Generate-and-Test is a search algorithm which uses depth first search technique. It assures to find solution in systematic way. It generates complete solution and then the testing is done. A heuristic is needed so that the search is improved.

Following is the algorithm for Generate-and-Test :

1) Generate a possible solution which can either be a point in the problem space or a path from the initial state.

2) Test to see if this possible solution is a real (actual) solution by comparing the state reached with the set of goal states.

3) If it is real solution then return the solution otherwise repeat from state 1.

Following diagram illustrates the algorithm steps:

Generate-and-Test is acceptable for simple problems whereas it is inefficient for problems with large spaces.

Best First Search Technique (BFS)

1) Search will start at root node.

2) The node to be expanded next is selected on the basis of an evaluation function, f(n).

3) The node having lowest value for f(n) is selected first.
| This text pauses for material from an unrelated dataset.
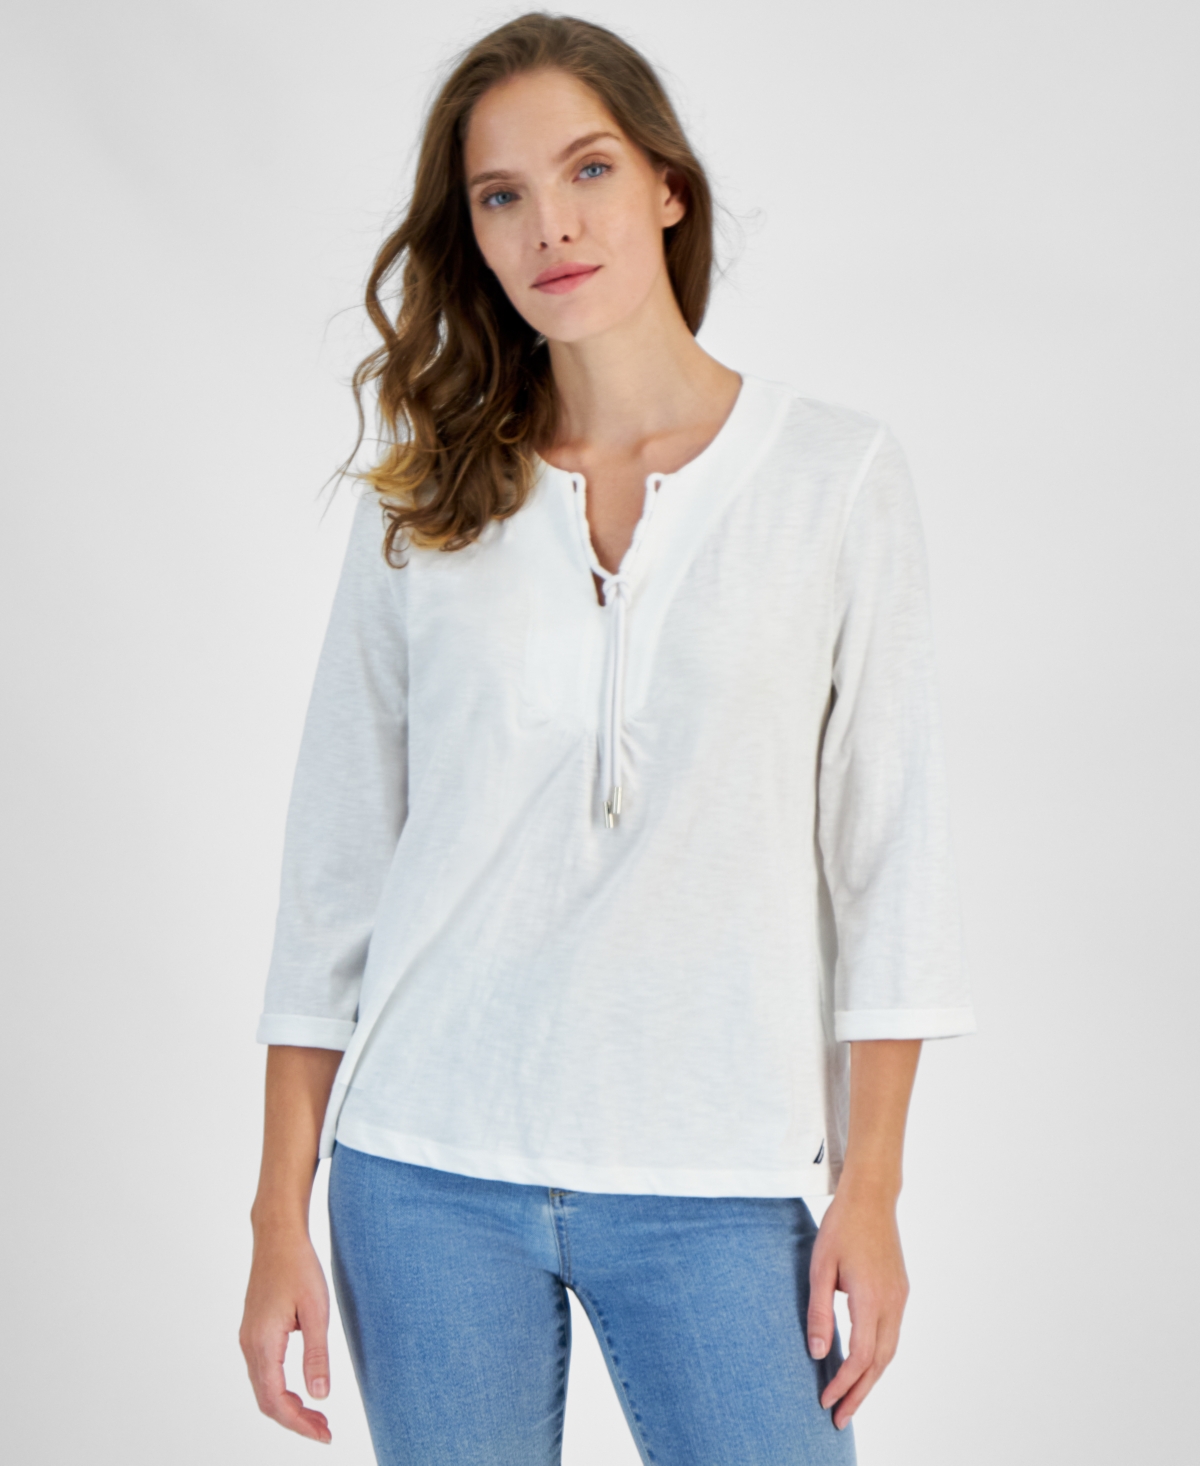 Women's Cotton Lace-Up-Neck 3/4-Sleeve Top - Brt White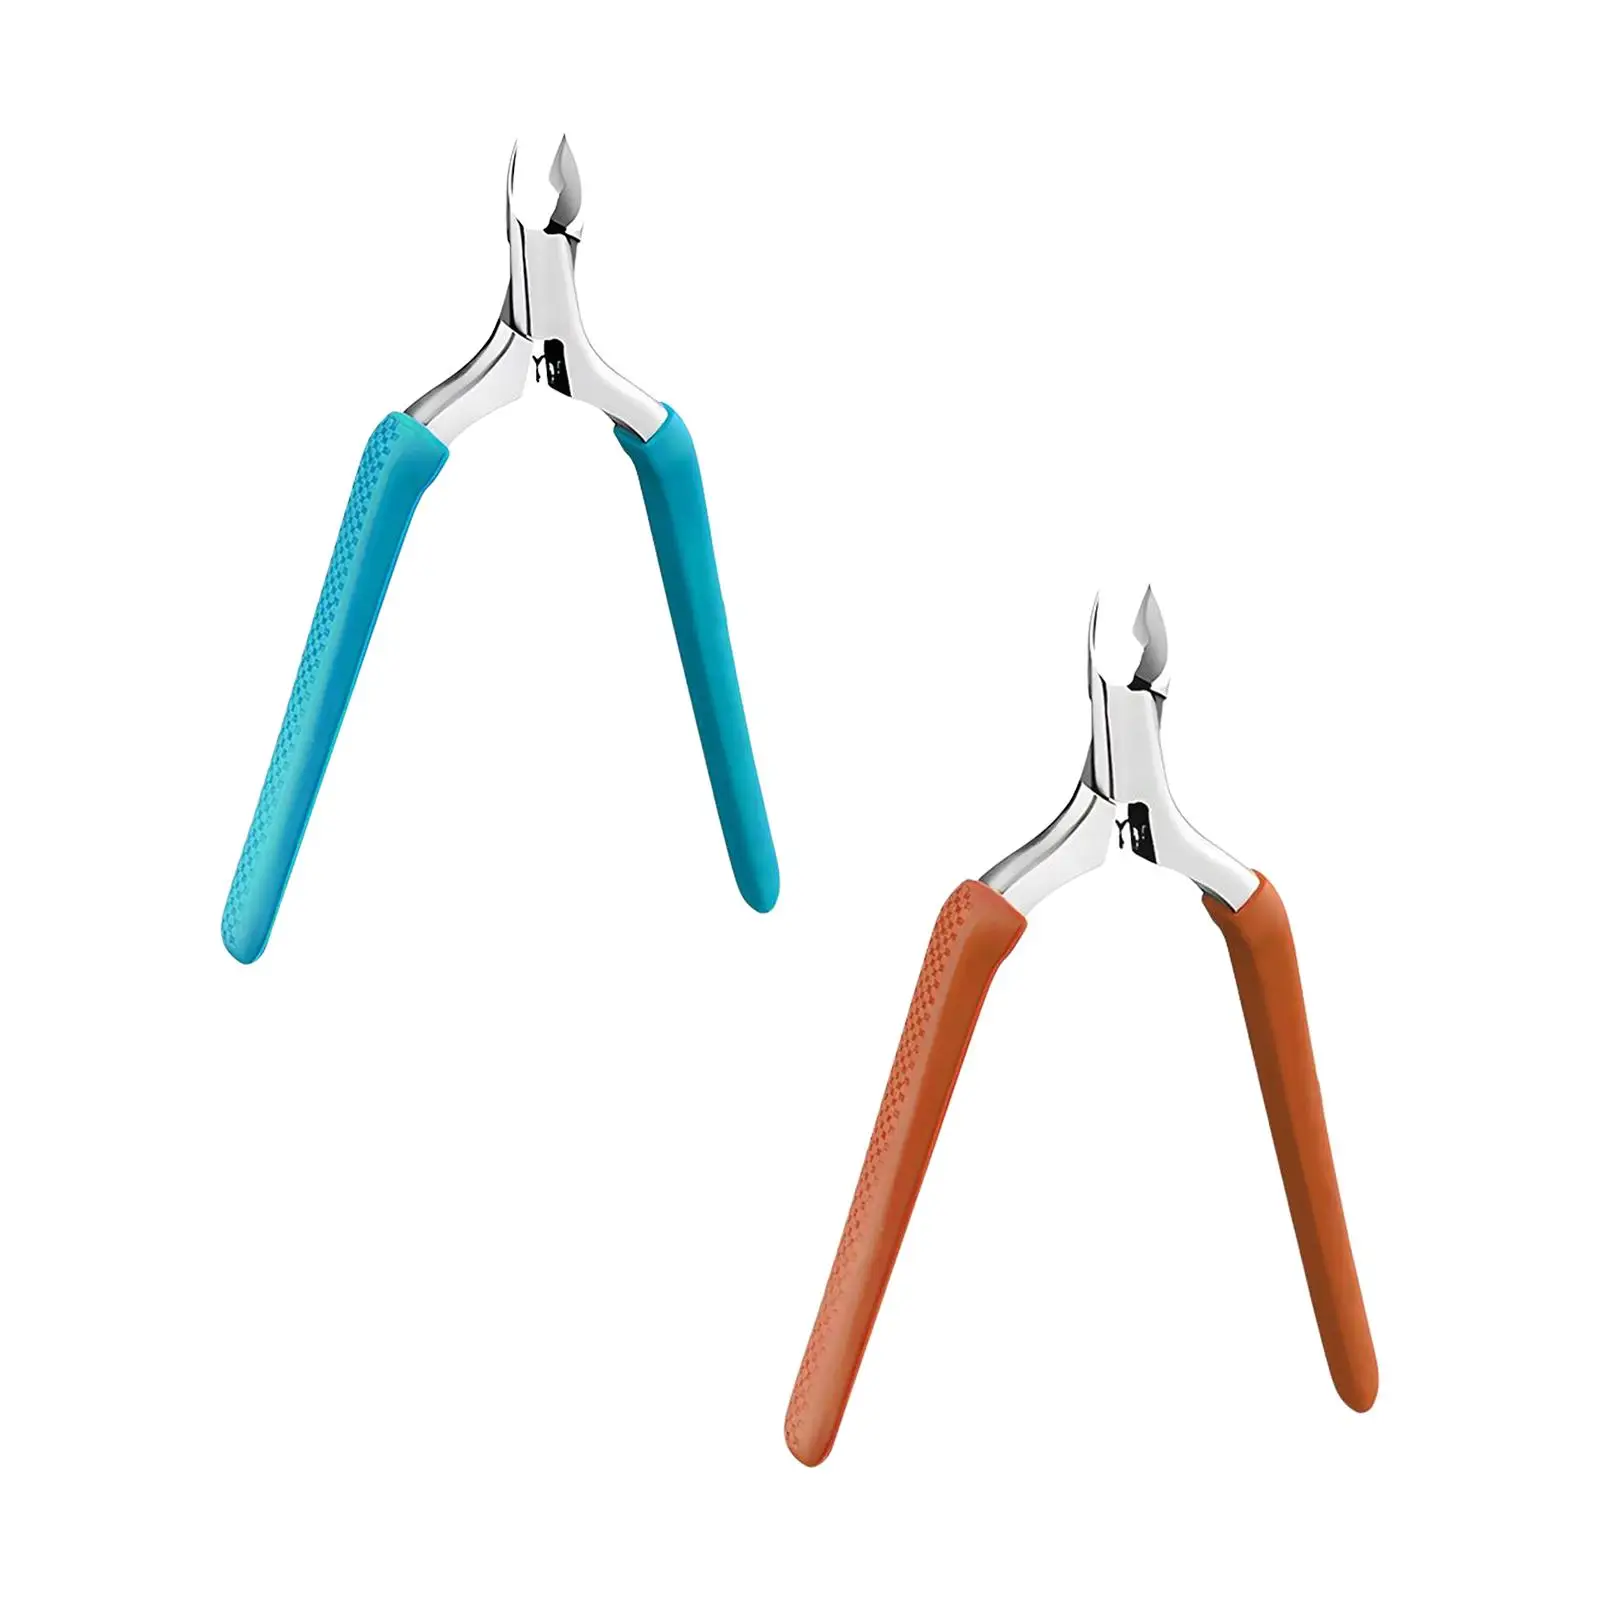 Cuticle Nipper Sturdy with Cuticle Pusher Cutters Anti Slip Professional Nail Cuticle Trimmer for Fingernails and Toenails

This lowest value of f(n) indicates that goal is nearest from this node (that is f(n) indicates distance from current node to goal node).

Implementation: BFS can be implemented using priority queue where fringe will be stored. The nodes in fringe will be stored in priority queue with increasing value of f(n) i.e. ascending order of f(n). The high priority will be given to node which has low f(n) value.

As name says "best first" then, we would always expect to have optimal solution. But in general BFS indicates that choose the node that appears to be best according to the evaluation function. Hence the optimality based on 'best-ness' of evaluation function.

Algorithm for best first search

1. Use two ordered lists OPEN and CLOSED.

2. Start with the initial node 'n' and put it on the ordered list OPEN.

3. Create a list CLOSED. This is initially an empty list.

4. If OPEN is empty then exit with failure.

5. Select first node on OPEN. Remove it from OPEN and put it on CLOSED. Call this node n.

6. If 'n' is the goal node exit. The solution is obtained by tracing a path backward along the arcs in the tree from 'n' to 'n1'.

7. Expand node 'n'. This will generate successors. Let the set of successors generated, be S. Create arcs from 'n' to each member of S.

8. Reorder the list OPEN, according to the heuristic and go back to step 4.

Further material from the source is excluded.